Energy companies launch global procurement exchange Fourteen members with annual spending of $125 billion form electronic marketplace which will be open to other buyers, sellers Petroleum News Alaska
Fourteen leading energy and petrochemical companies with combined annual spending of $125 billion are launching an independent electronic industry procurement exchange. The companies said April 11 that discussions are under way with additional participants, including the supplier community.

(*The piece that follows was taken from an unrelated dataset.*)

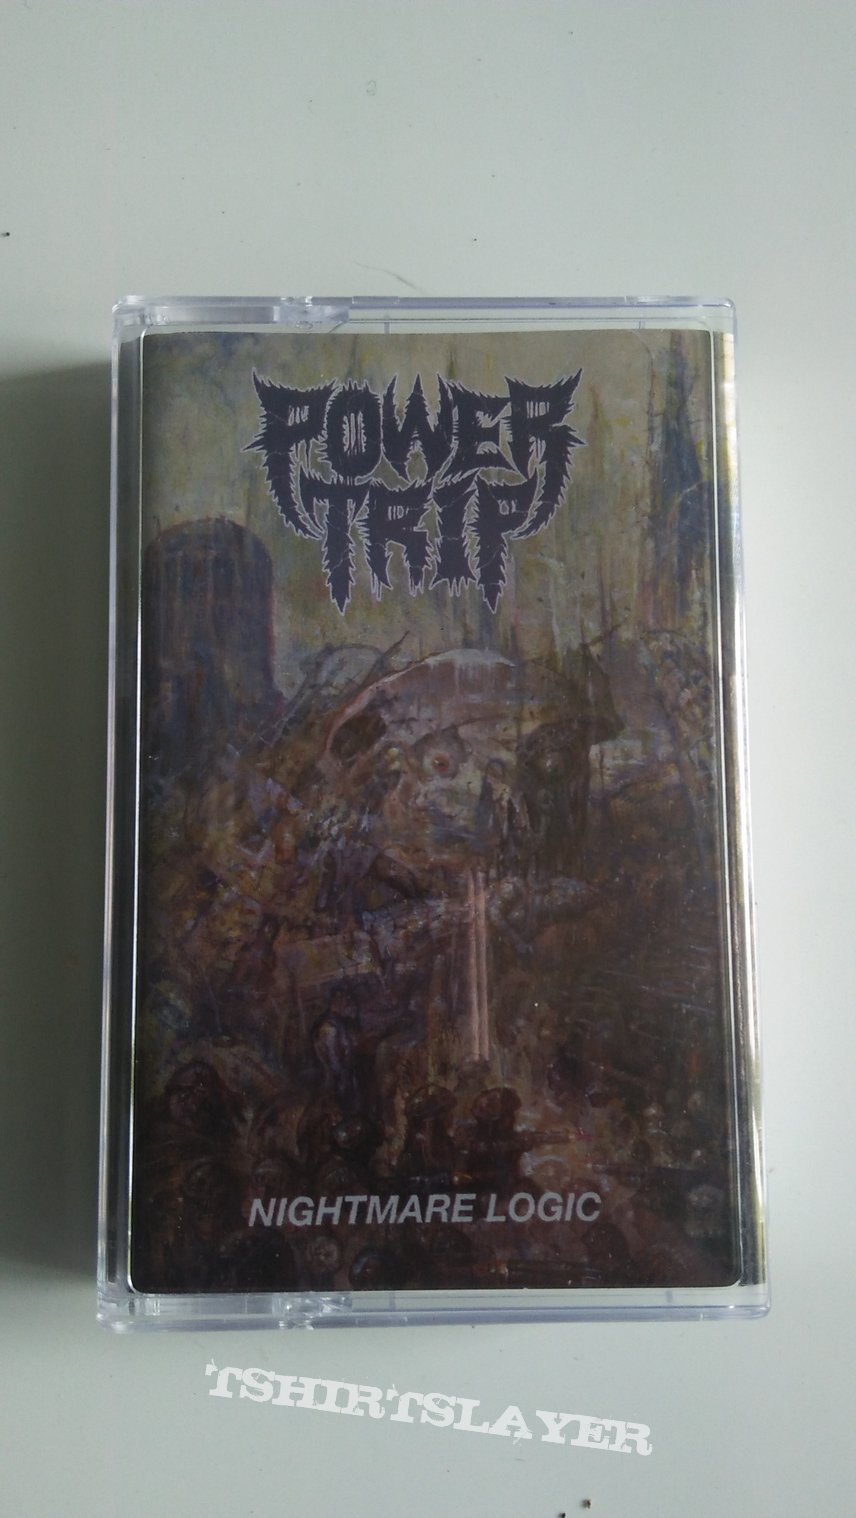 Power Trip - Nightmare Logic tape
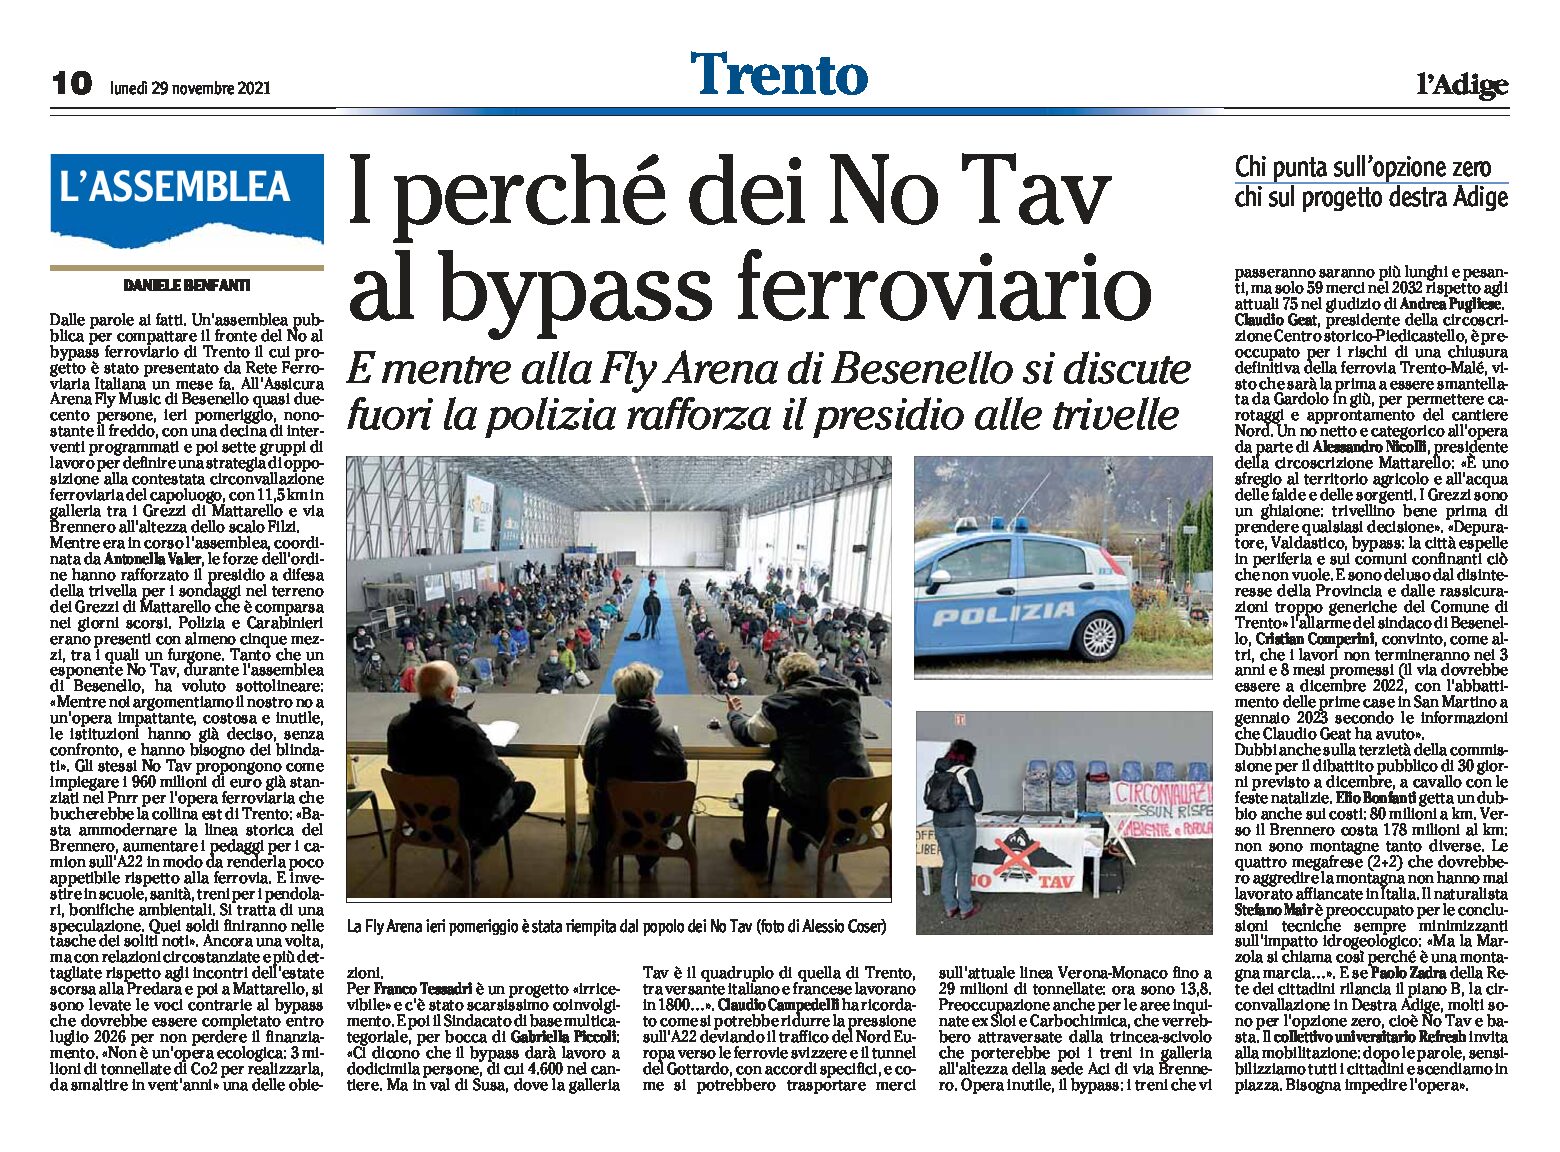 Trento, bypass ferroviario: i perché dei No Tav

BP, Phillips, Unocal in founding group Founding companies include: BP Amoco PLC; Royal Dutch/Shell Group of Co.; Conoco Inc.; The Dow Chemical Co.; Equilon Enterprises LLC; Mitsubishi Corp.; Motiva Enterprises LLC; Occidental Petroleum Corp.; Phillips Petroleum Co.; Repsol-YPF, S.A.; Statoil; Tosco Corp.; TotalFinaElf; and Unocal Corp.
The exchange will provide a global electronic marketplace open to buyers and sellers both large and small. In addition, the exchange will develop technologies to remove inefficiencies in procurement, supply chain management and capacity utilization. The founding partners said they will work together to make the exchange attractive for all companies across the industry to use.
The scope of the exchange will initially include all procurement activities related to goods and services used within the oil and gas exploration and production business and the petrochemicals, refining, marketing and retail sectors of the industry.
Improved capital efficiency goal Sir John Browne, BP Amoco’s group chief executive, said: “The leading players within the industry have come together to improve performance, productivity and capital efficiency. Exchanges are a very exciting example of the application of internet technologies to drive efficiency and innovation across the supply chain.”
Harry Roels, a Royal Dutch/Shell group managing director, said: “Shell attaches great importance to eBusiness and so is delighted to play a leading role in the formation of this global exchange. By working together with industry partners and suppliers, we can deliver greater savings in a shorter time.”
The collective annual procurement spend of the founding partners exceeds $125 billion: 40 percent of this spend is in North and South America, 40 percent in Europe and Africa and 20 percent in Asia Pacific and the Middle East. The partners said they plan to use the exchange for a significant amount of their procurement.
Independent company to own, operate exchange An independent company will be created to own and operate the exchange. Initially at least three-quarters of the equity in the new company will be owned by the energy and petrochemical companies. The remainder will be allocated to staff and technology providers.
It is intended to prepare the company for initial public offering (IPO) in the future.
The exchange will be launched using the CommerceOne Marketsite platform. Other technology providers will be selected by the exchange to ensure sufficient flexibility to meet the needs of the industry.
Morgan Stanley Dean Witter has advised in the formation of the exchange.